Oleh: Turiman Faturahman Nur
Rushdy Hussen seorang sejarahwan yang obyektif. Ia dalam webinar nasional dengan AGSI Asosiasi Guru Sejarah Indonesia (AGSI) Pusat, Ahad (4/7/2020) “Menguak Tabir Sultan Hamid II dalam Sejarah Bangsa” menjelaskan:
“Sultan Hamid II dikenal sebagai pemimpin Bijeenkomst voor Federal Overleg (BFO). Beliau kuliah di THS Hb (Technische Hoogeschool te Bandoeng, sekarang Institut Teknologi Bandung), walau tidak sampai selesai. Lalu pergi ke Belanda untuk belajar di Breda.” Lebih tepatnya Koninklijk Militaire Academie (KMA), sebuah akademi militer elit dan terkenal di Belanda.
Rushdy mengatakan, “Keberadaan Sultan Hamid II di KNIL sebelum masa kedatangan Jepang. Ketika lulus, Sultan Hamid II ditempatkan di Pulau Jawa, menikah di Malang Jawa Timur. Beliau lolos dari Peristiwa Mandor di Kalimantan Barat, sementara ayahandanya (Sultan Syarif Muhammad Al-Qadrie, red.) tewas. Setelah zaman Jepang, terlibat dalam perundingan -perundingan awal di Belanda tahun 1946. Ada fotonya bersama perwakilan-perwakilan Indonesia non-republik, termasuk dengan Van de Kroon.”
Selanjutnya, ketika perundingan Linggarjati dan Renville, Sultan Hamid II tidak ikut. Namun hadir ketika perundingan-perundingan di Makassar, Denpasar, lalu di Bandung. Sultan Hamid II terpilih jadi ketua BFO, waktu itu dalam pemilihan bersaing dengan Ida Anak Agung Gde Agung.
Sultan Hamid dengan jabatan penting sebagai wakil Daerah Istimewa Kalimantan Barat (DIKB) berdasarkan konstitusi RIS 1949 dan selalu turut dalam perundingan-perundingan Malino, ini yang disebut Rushdy sebagai perundingan di Makassar. Lalu Denpasar, BFO, dan KMB di Indonesia dan Belanda.

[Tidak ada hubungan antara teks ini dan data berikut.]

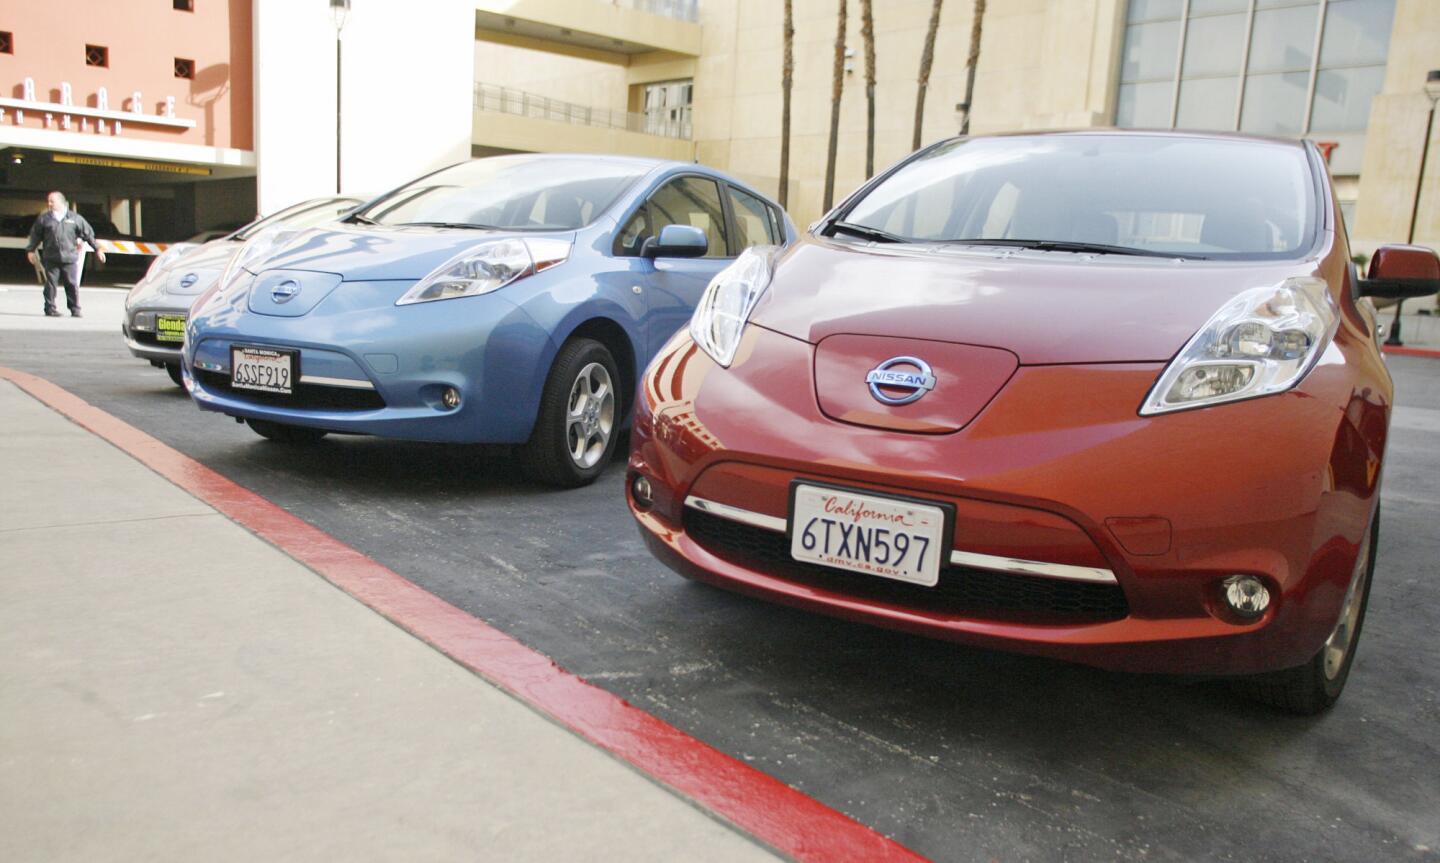 Burbank receives electric charging vehicle stations throughout the city
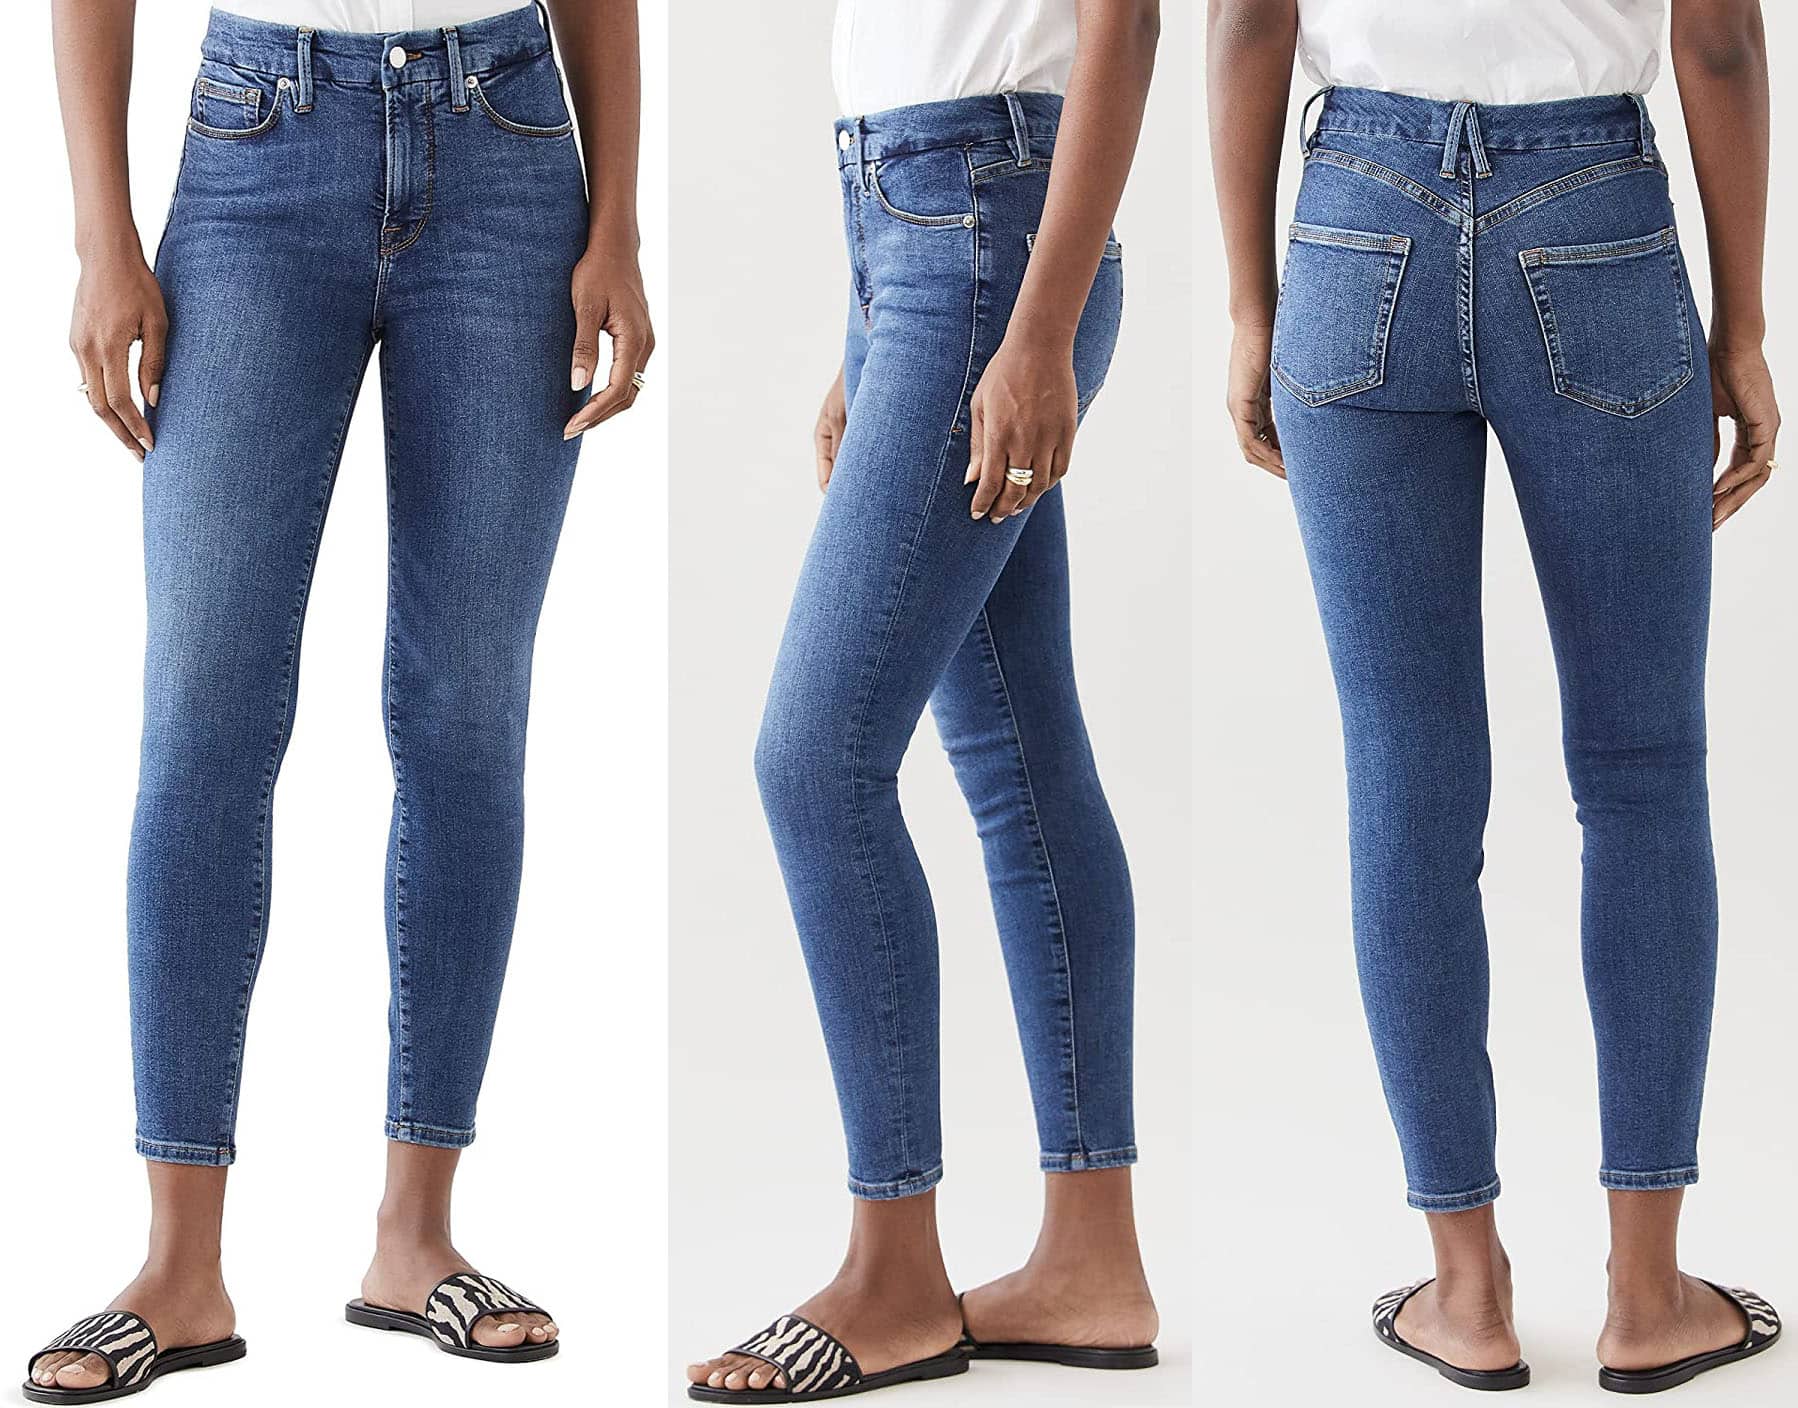 9 Flattering Jeans for Curvy Figures & Voluptuous Thighs

Rushdy memberikan pandangannya tentang BFO. “Saya sepakat dengan Prof. Leirissa, bahwa peranan BFO sangat penting. Belanda mengutus perwakilan menemui Bung Karno dan Bung Hatta karena ditahan di Bangka. Tujuannya untuk mengajak mengadaan KMB (Konfrensi Meja Bundar, red.) tanpa melibatkan konsep RI (Republik Indonesia, red.). Kata Soekarno, “Kami tidak bisa berunding karena saat ini pemerintahan dipimpin Syafrudin. Lalu ketika Sultan Hamid II menuju Bung Hatta, kelihatan Hatta enggan, dan baru tertarik ketika Hamid berbicara bahwa ia juga ingin Belanda hengkang. Dan di sini lah ada peluang Konfrensi Inter Indonesia.”
Berdasarkan pandangan Rusdy tersebut kita memang mengangkat fakta sejarah harus obyektif, karena fakta sejarah di era digital ini sangat mudah menelusuri peristiwa besar dalam time line sejarah, namun ketika fakta sejarah dibawa dengan sentimen sejarah dan dendam sejarah apalagi arus politik menjadi subyektif, namun kembali lagi dalam kaitannya dengan realitas makna kepahlawanan dalam Undang Undang Nomor 20 Tahun 2009 paradigma makna kepahlawanan sangat luas, dalam penjelasan umum Undang Undang terbaca jelas paradigmanya Pemberian Gelar, Tanda Jasa, dan Tanda Kehormatan dimaksudkan sebagai penghormatan dan penghargaan terhadap setiap warga negara yang memajukan dan memperjuangkan pembangunan bangsa dan negara demi kejayaan dan tegaknya NKRI berdasarkan Pancasila dan Undang-Undang Dasar Negara Republik Indonesia Tahun 1945. Gelar, Tanda Jasa, dan Tanda Kehormatan diberikan oleh negara untuk menumbuhkan kebanggaan, keteladanan, kepatriotan, sikap kepahlawanan, dan semangat kejuangan di dalam masyarakat.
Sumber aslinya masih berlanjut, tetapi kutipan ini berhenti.